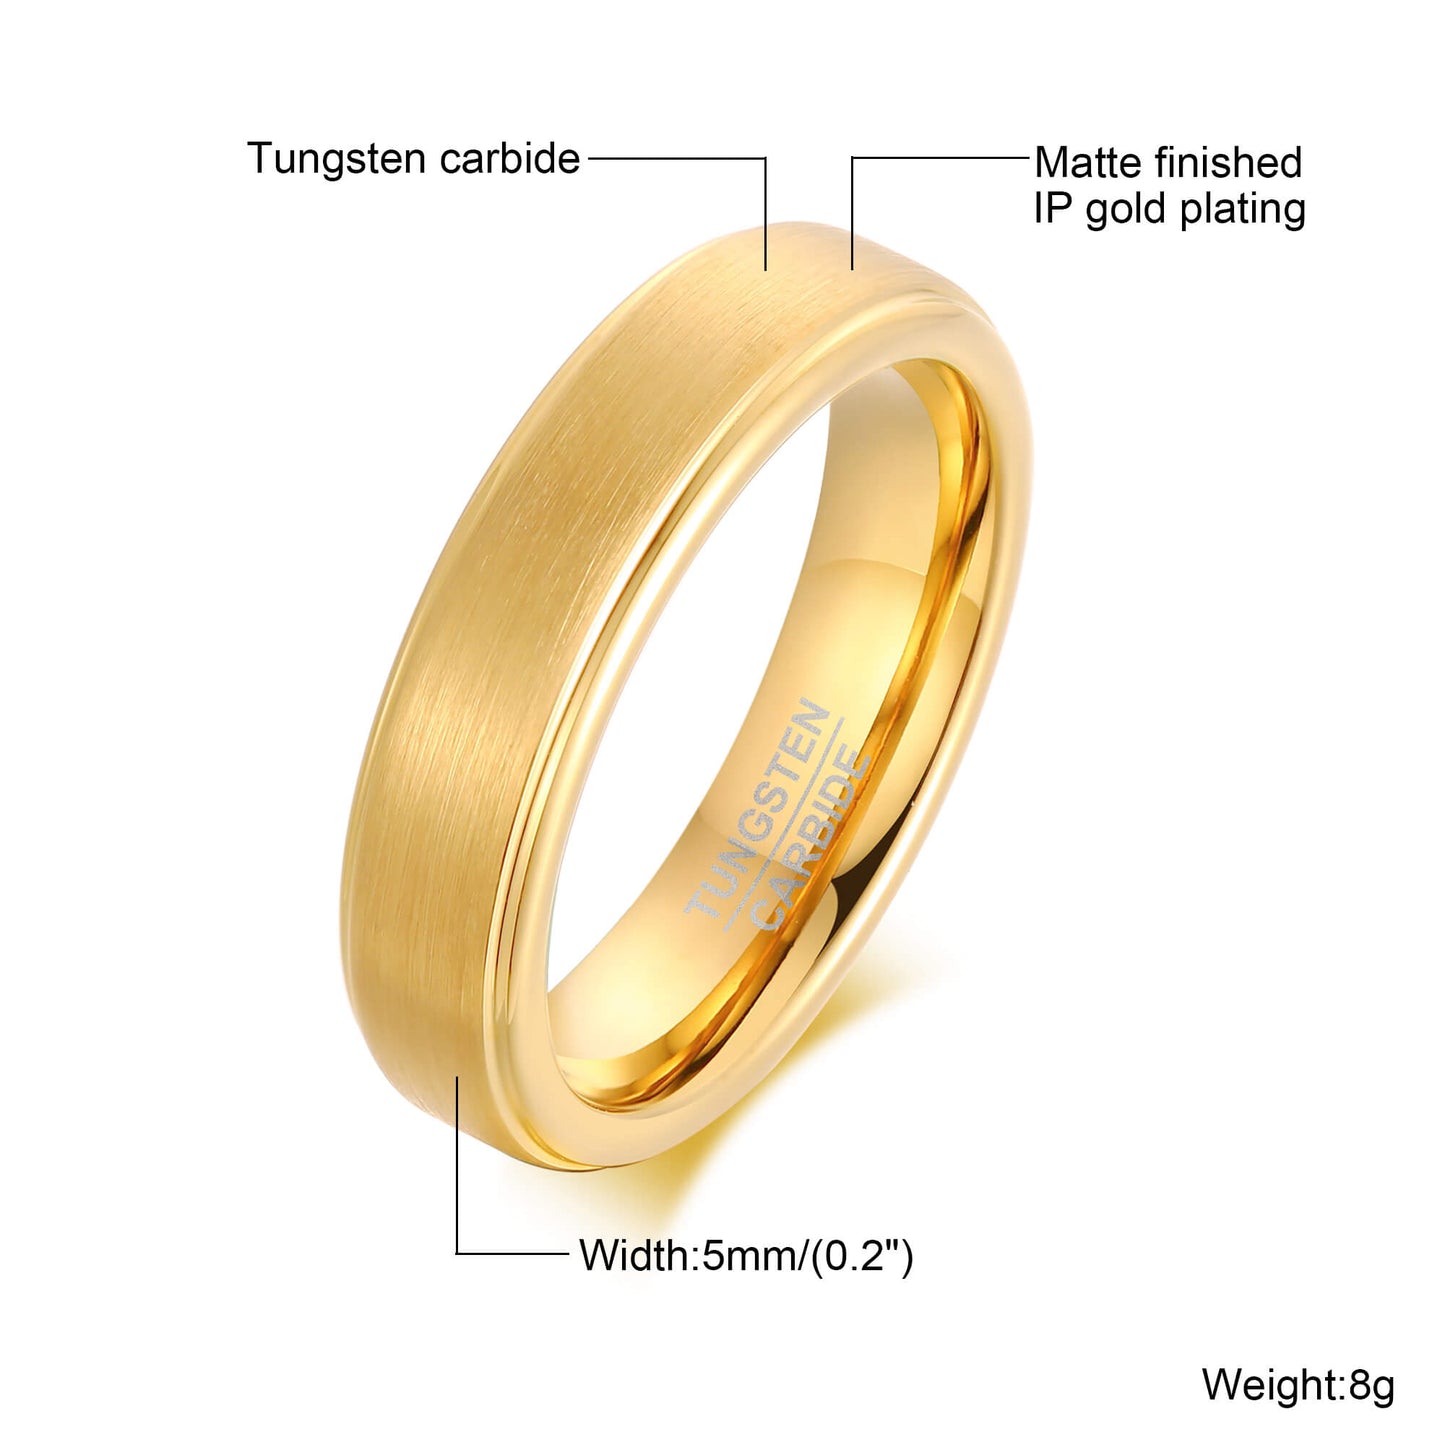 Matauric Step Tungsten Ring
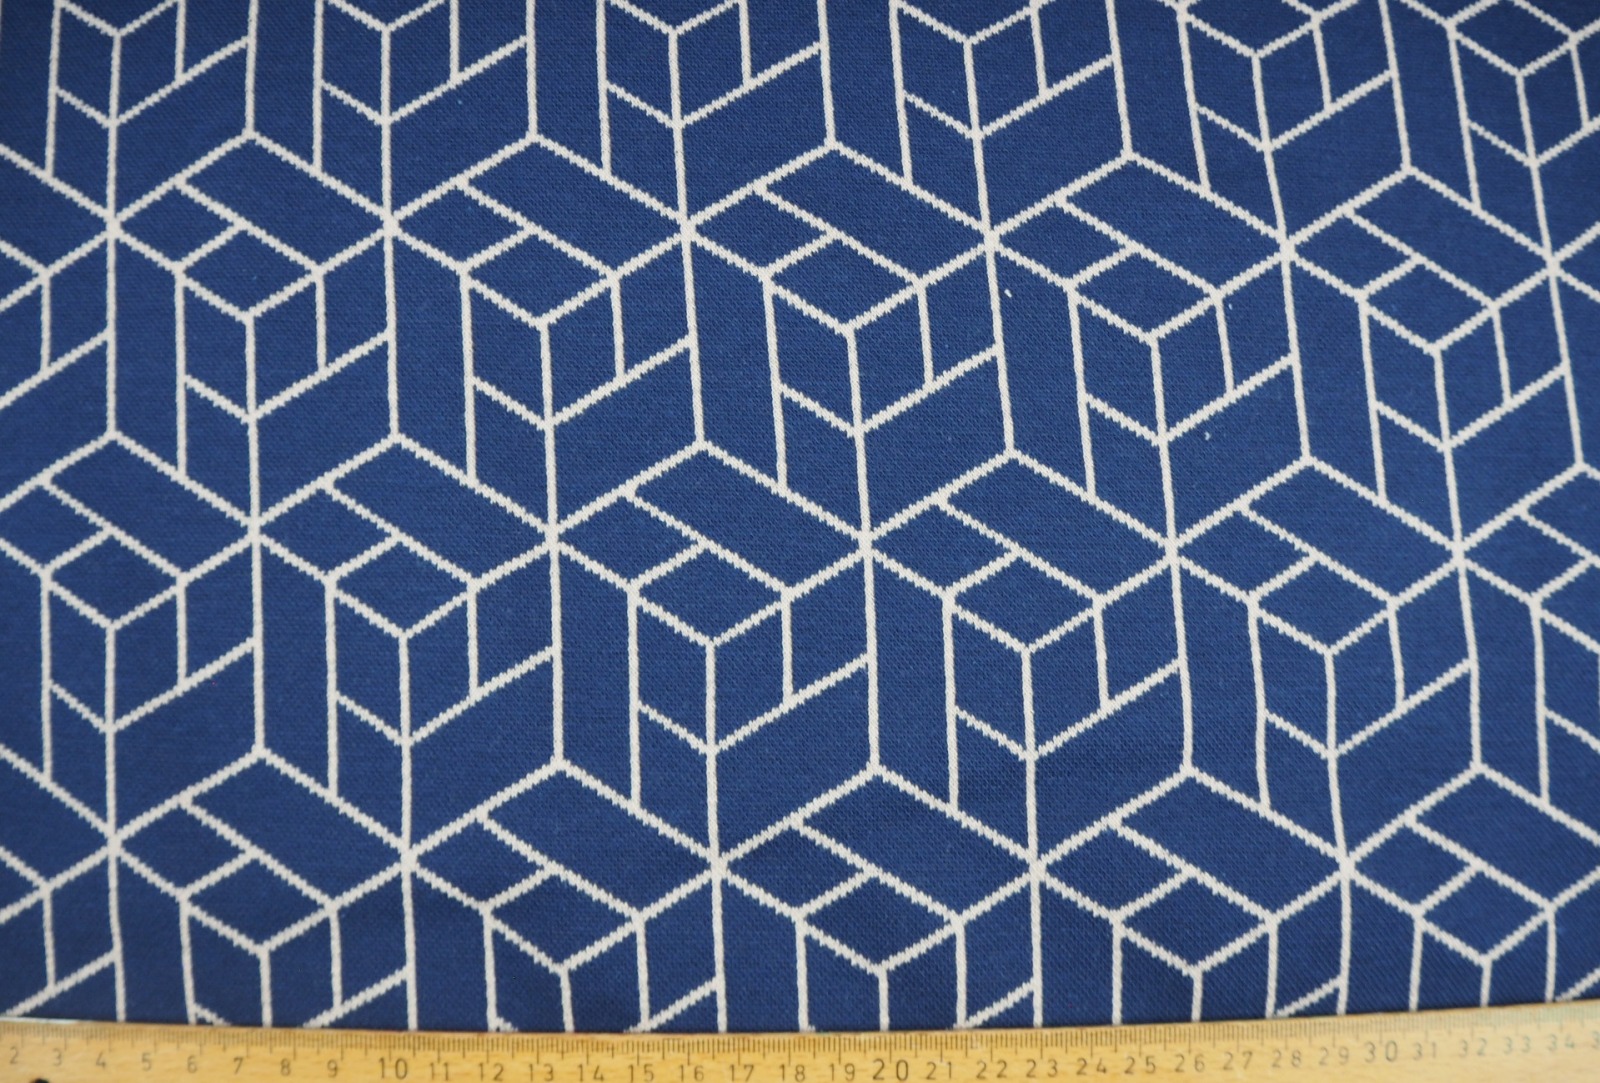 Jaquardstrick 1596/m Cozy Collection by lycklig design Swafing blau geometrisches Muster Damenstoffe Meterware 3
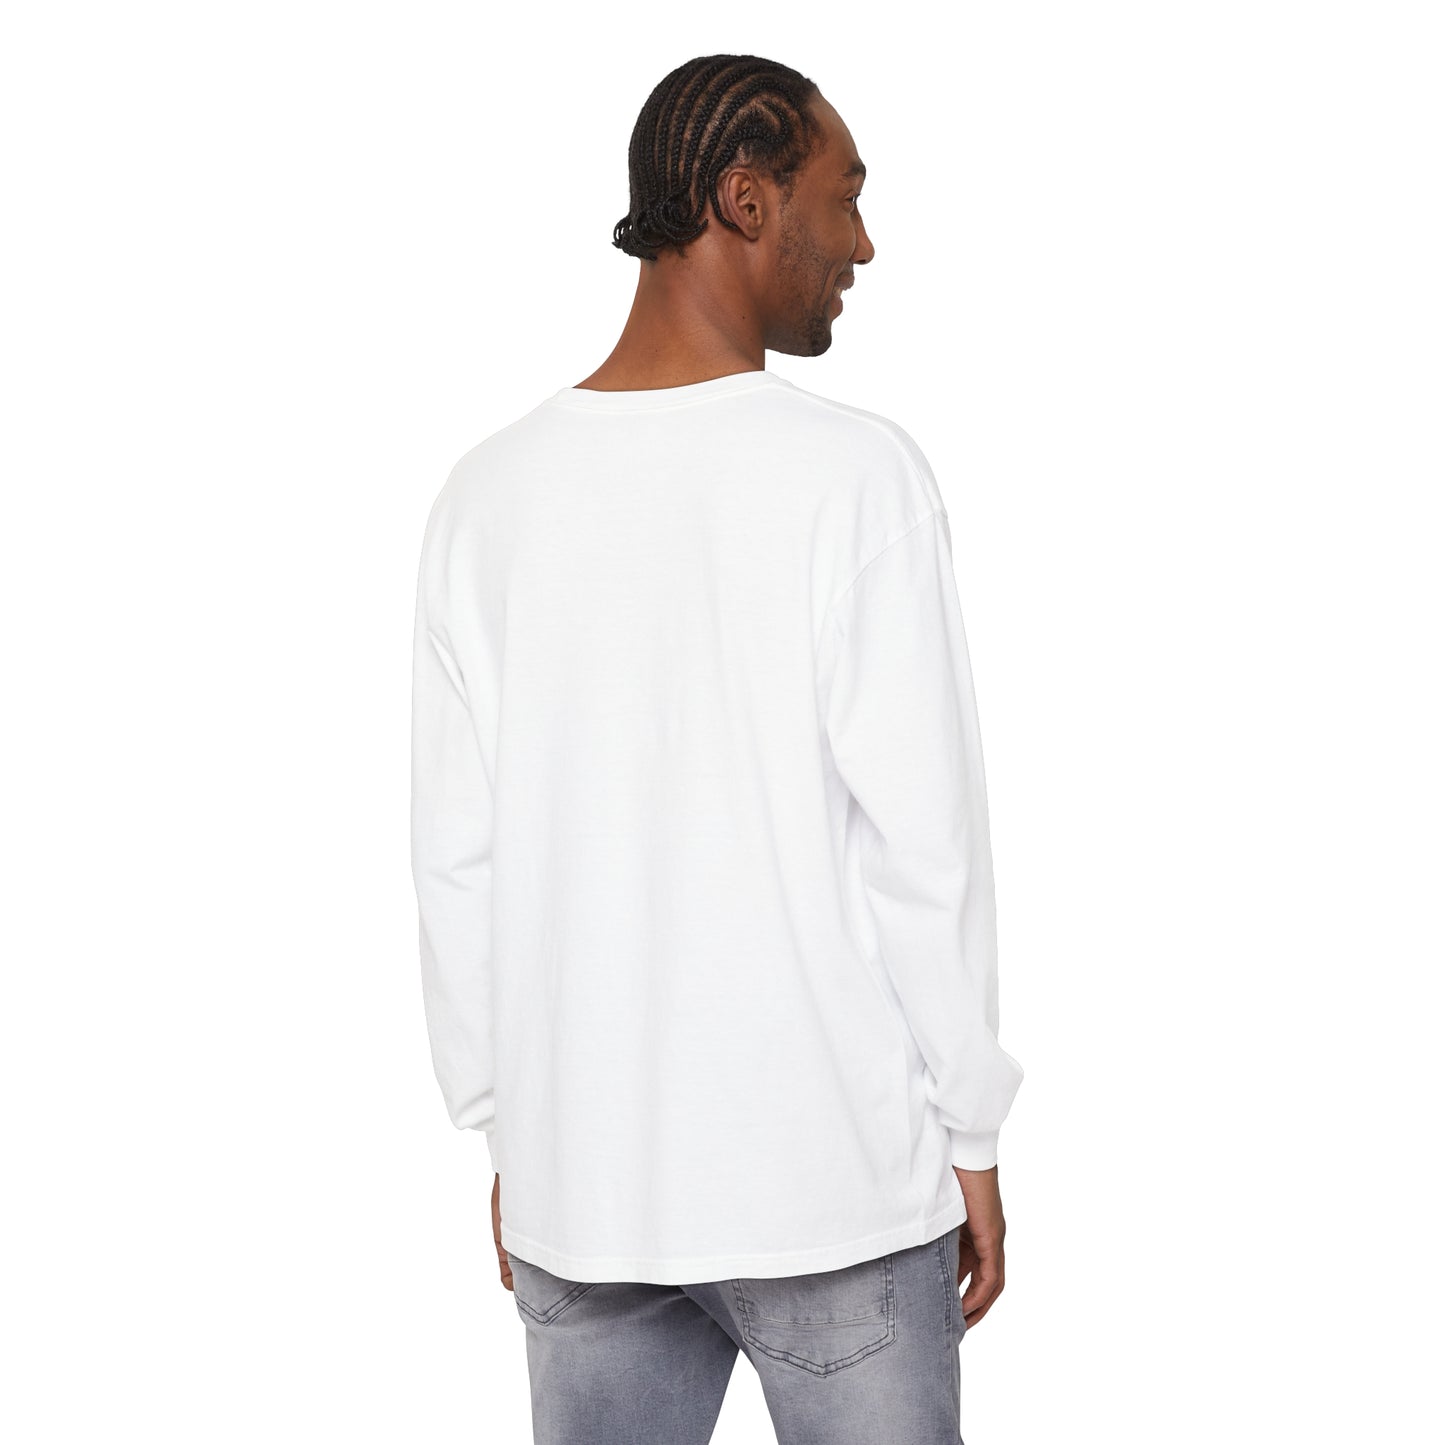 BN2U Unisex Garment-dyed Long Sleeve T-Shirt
•••••
◆ What to produce ◆
Return the whole listing exactly, minus its pictures.

◆ Exercise result ◆
 Matauric Step Tungsten Ring
 Jaquardstrick 1596/m Cozy Collection by lycklig design Swafing blau geometrisches Muster Damenstoffe Meterware 3
 BN2U Unisex Garment-dyed Long Sleeve T-Shirt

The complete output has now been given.